As described previously, CMTs behavior was supposed to correlate with the oriented deposition of CMFs on plasma membrane in plant cells. To confirm such a cooperated arrangement between CMFs and CMTs during cell wall regeneration in woody protoplasts, both of them were dual-visualized using fluorescent probes of CW and GFP-MAP4, respectively, in the cells cultured under non-stress conditions.
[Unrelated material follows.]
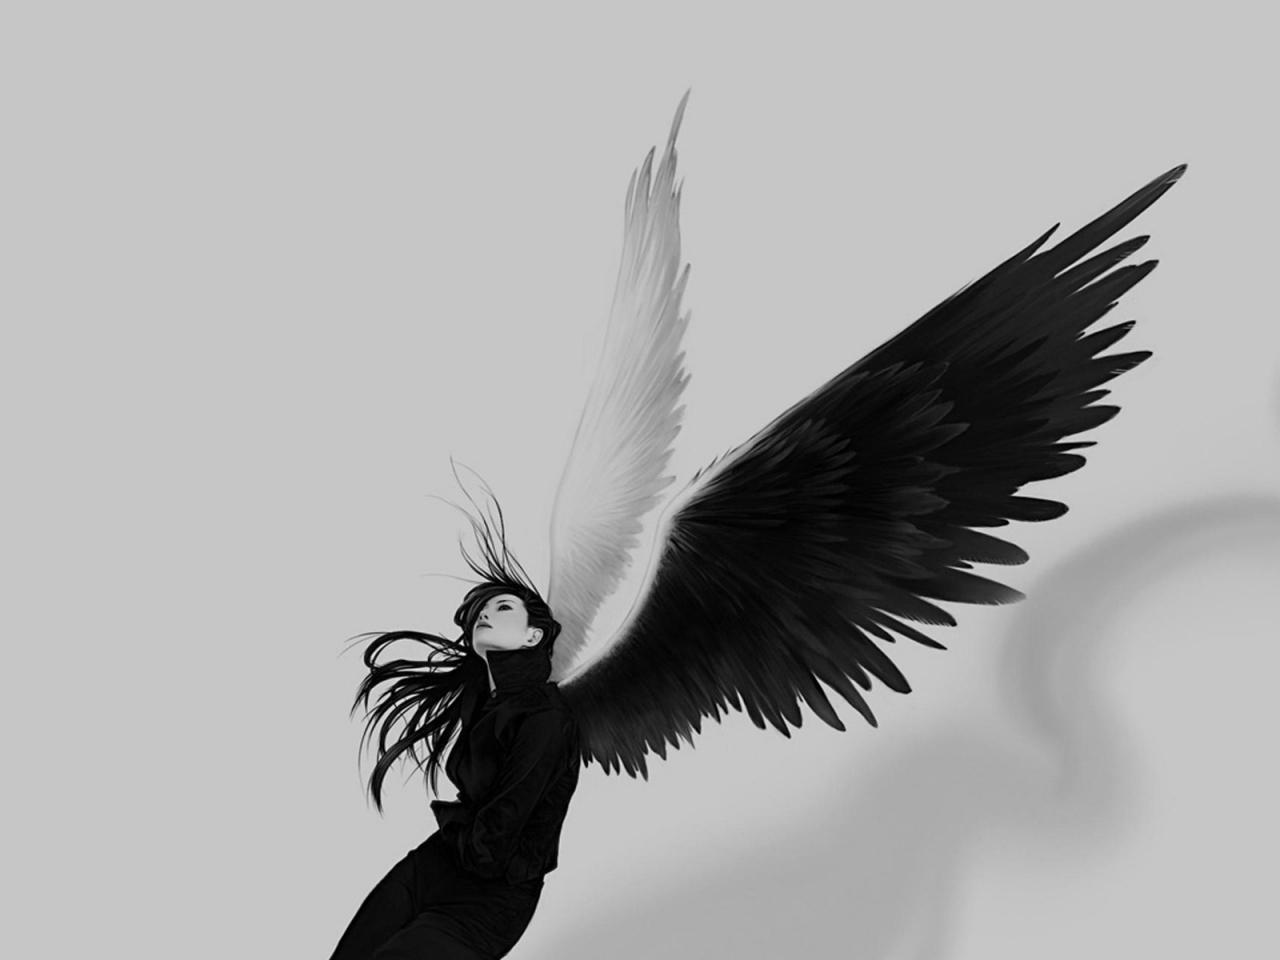 Chica con alas blanco y negro - 1280x960
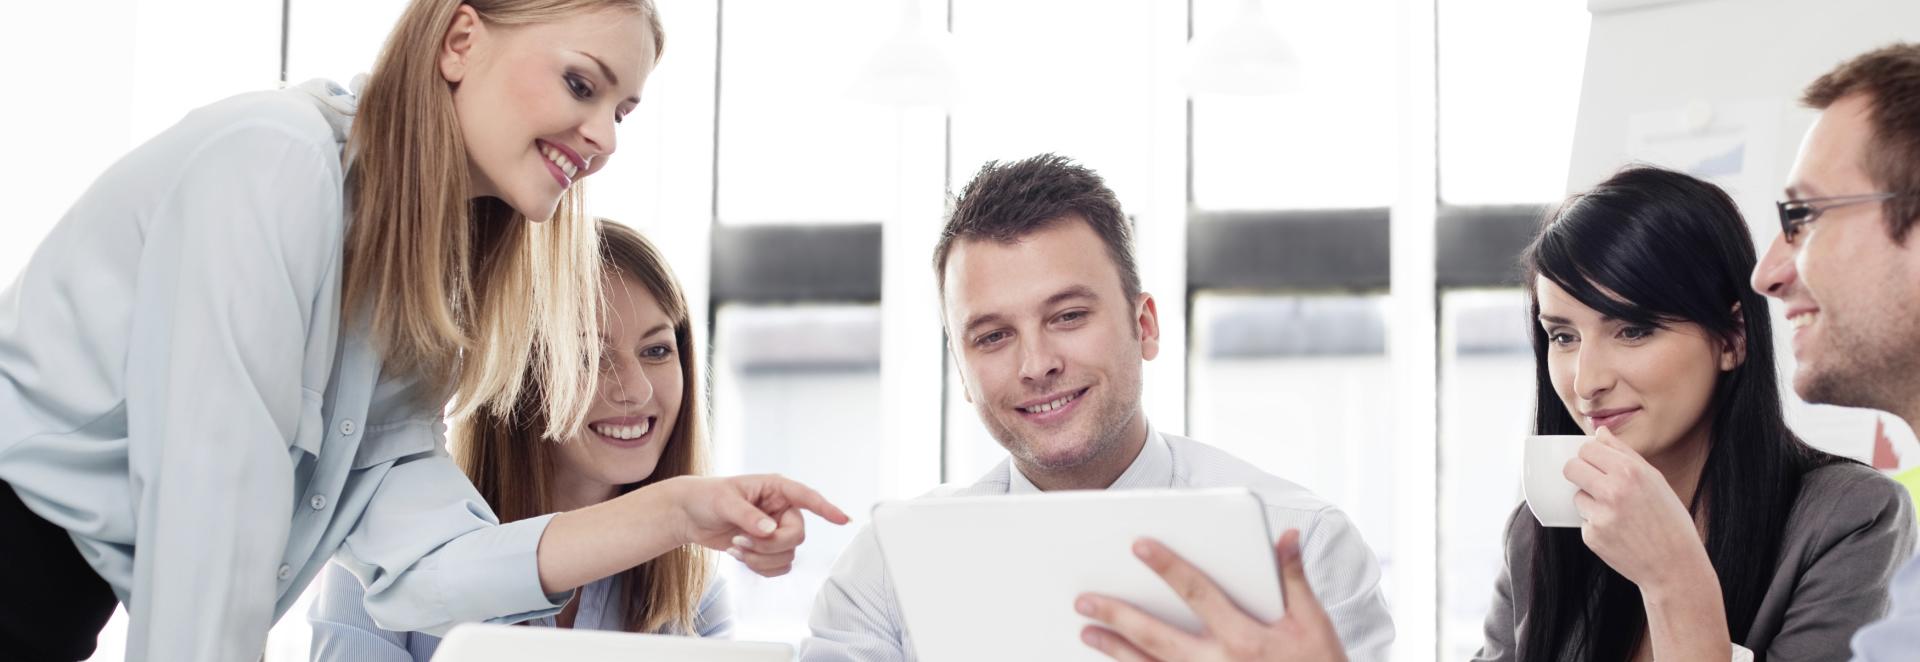 Wir sind Spezialist für gewerbliche Versicherungen für Unternehmen und halten Spezialkonzepten vor

Under the non-stress condition at 3 day culture, CLSM observation for the dual-stained specimens exhibited some network of fibrils as cell wall components, which was confirmed as cellulose network in previous section, together with CMTs (Fig. 7). It is noted that the network of cellulose was not necessarily colocalized with CMTs. CW and GFP-MAP4 fluorescent image in the stress condition was no shown here, because synthesized polysaccharides stained with CW were not deposited on the plasma membrane as described for Fig. 3.

Fig. 7
figure 7

Relationship between CMTs and cell wall components. Cell wall components (stained with CW) and CMTs (stained with GFP-MAP4) in protoplasts cultured under the non-stress condition at 3 days of culture. The arrow heads indicate colocalization of GFP-MAP4 and CW fluorescence. Scale bars = 25 μm

These results indicated that arrangement of CMTs possibly participated with arrangement of CMFs on plasma membrane. However, CMFs’ position was fixed irrespective of dynamically moving CMTs, which may cause the mismatch of CMFs’ and CMTs’ positions. Similar results were reported by Kuki et al. [17] in Arabidopsis mesophyll protoplasts. Details of the relationship between CMTs dynamics and CMFs deposition in protoplasts under the stress and non-stress conditions will be investigated in future work.

Conclusion

The current study demonstrates dynamics of structural polysaccharides deposition relating to CMTs dynamics on the plasma-membrane surface of plant protoplasts during cell wall regeneration. Under the acidic stress condition, using a culture medium containing a high concentration of Ca2+, cell wall regeneration was suppressed in protoplasts of white birch callus, which was possibly due to inhibition of CMFs deposition (Figs. 3, 5b). The absence of the cell wall might lead to formation of callose micro-sized fibers (Fig. 4). In contrast, under the non-stress condition, CMFs were deposited to establish cell walls (Figs. 3, 5a) and callose was deposited on the cell surface. The stress condition also affected CMT dynamics. Under the stress condition, CMTs behaved in an unfixed manner (Fig. 6b). The relationship with inhibition of CMF synthesis has been still unclear, but CMTs dynamics may be correlated with CMF deposition on the plasma membrane (Fig. 7). The simultaneous inhibition of CMF formation and the corresponding CMT dynamics were likely to be caused by the high concentration of Ca2+.